# 2007 29krs



## courtsfamily (Jun 8, 2006)

hey everyone! Introducing ourselves on this site. We're a family of 5 - Roger, Shelly, Alex (11yr) , Karla (6yr) and Holly(3yr) and oh yeah, 2 boston terriers Gidget and Otis! We've been camping for many years - tents, pop ups and now a real tt. Got dirt bikes for the family for christmas 06 and sold the pop up last week and bought the new 07 28' kargoroo last thursday. We live in Texas just north of the Houston area and generally hang out at the state parks. We're always looking for new places to go and things to see and meeting new friends with toys like us. It's great reading everyones posts on their experiences. We're looking forward to getting to know everyone.


----------



## tdvffjohn (Mar 10, 2005)

Welcome, welcome, welcome action action

Great first post, all the info is there









Check out the rally section and maybe join us and others.

John


----------



## Fire44 (Mar 6, 2005)

Welcome to the site and Congrads on the new Outback.

Gary


----------



## PDX_Doug (Nov 16, 2004)

action *Welcome to Outbackers, courtsfamily!* action 
And congratulations on that new Outback! Whoo Hoo!

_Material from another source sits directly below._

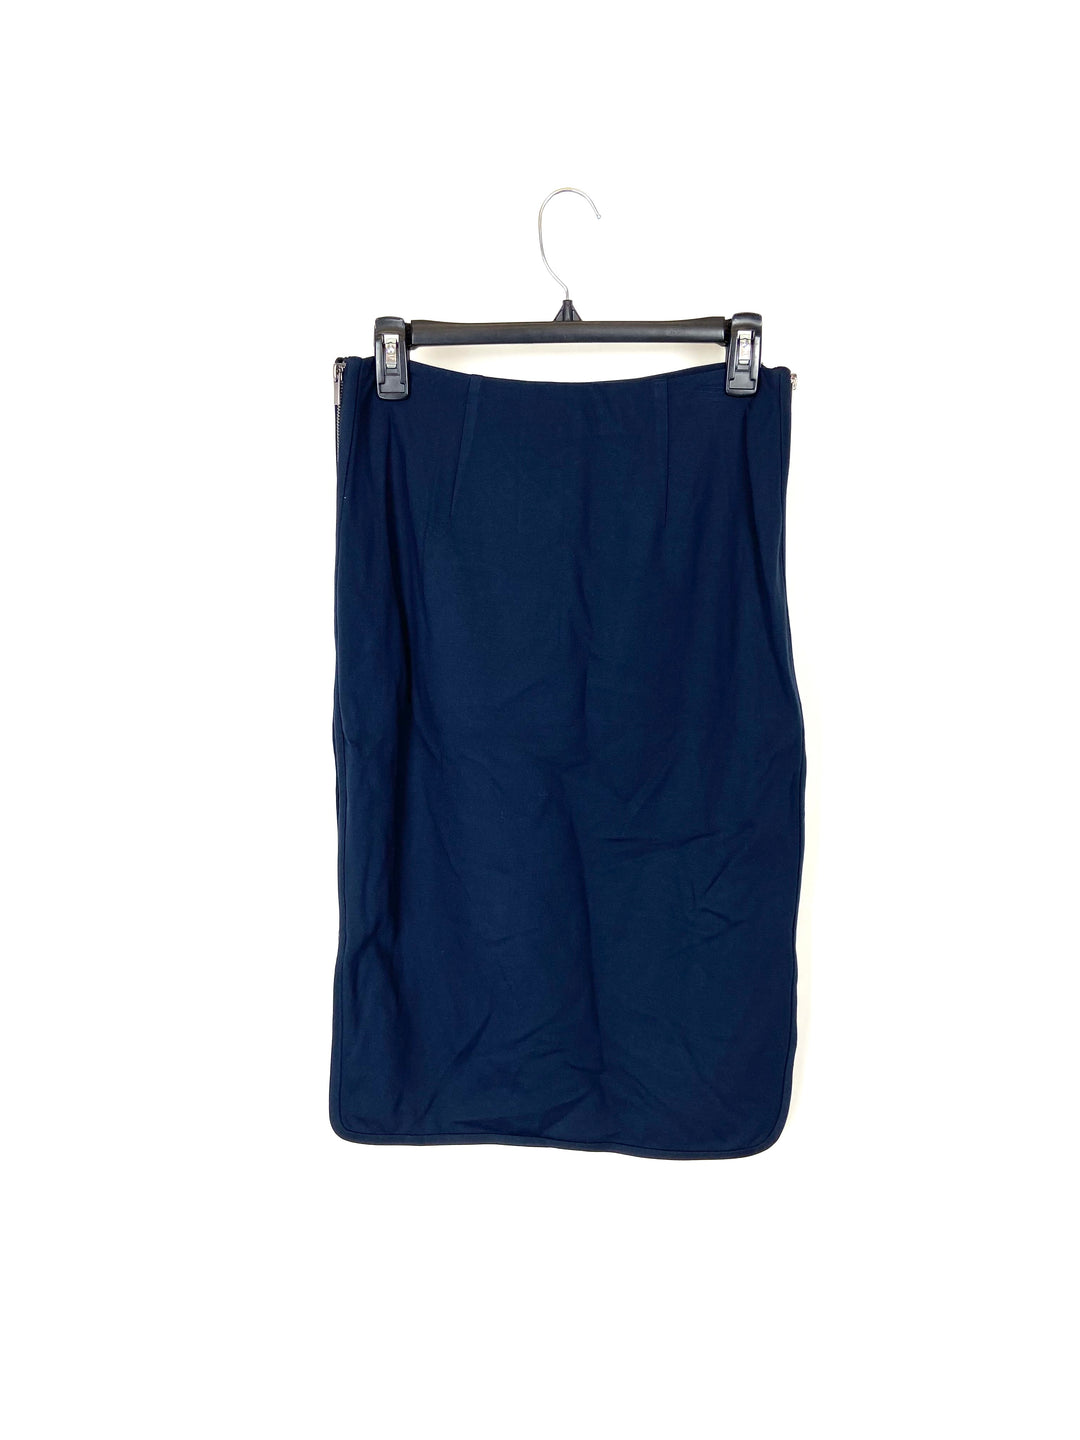 Navy Zip Up Skirt - Size 6

I would like to invite you to consider the BIG Western Region Outbackers.com Rally at Zion Nat'l Part in 2007. It's a bit of a drive, but is showing all the signs of being the biggest gathering of Outbacks (and Outbackers) in The History Of The World!









Happy Trails,
Doug


----------



## willie226 (Apr 4, 2006)

action A BIG WELCOME FROM ME TOO 
Congratulations you new Outback








Happy Traveling

Willie


----------



## JimBo99 (Apr 25, 2006)

Welcome!! from Jim and Esther action action


----------



## Moosegut (Sep 24, 2005)

Congratulations and welcome aboard. action Man, the '07s are really selling. That's a great TT - enjoy it.

Scott


----------



## skippershe (May 22, 2006)

Welcome CourtsFamily action

Enjoy your new Outback







We love our 28KRS and know that you will too action

Dawn


----------



## RizFam (Feb 25, 2006)

& Enjoy your new TT, Toys & Friends









Tami


----------



## HootBob (Apr 26, 2004)

Welcome courtsfamily to the Outback Family
And congrats on the 28KRS

Don action


----------



## 3LEES (Feb 18, 2006)

action action Welcome!  action action


----------



## Castle Rock Outbackers (Jan 18, 2004)

Great...the 2007s are out. Now I have a 3-year old. Seems like yesterday...

Randy


----------



## Oregon_Camper (Sep 13, 2004)

Welcome Welcome Welcome!!!

Glad you found this site.

Congrats on the new Outback. You're going to love it and wonder why you spent so much time in a pop-up.


----------



## drobe5150 (Jan 21, 2005)

action *welcome aboard* action

and *congrats on the new 29krs*

darrel


----------



## lilunsure (Apr 26, 2006)

Hi action Contratulations on your new Roo. I'm sure you are going to love it!


----------



## madmaccm (Oct 7, 2005)

Welcome and Congrats on your new toys!! Especially the Outback.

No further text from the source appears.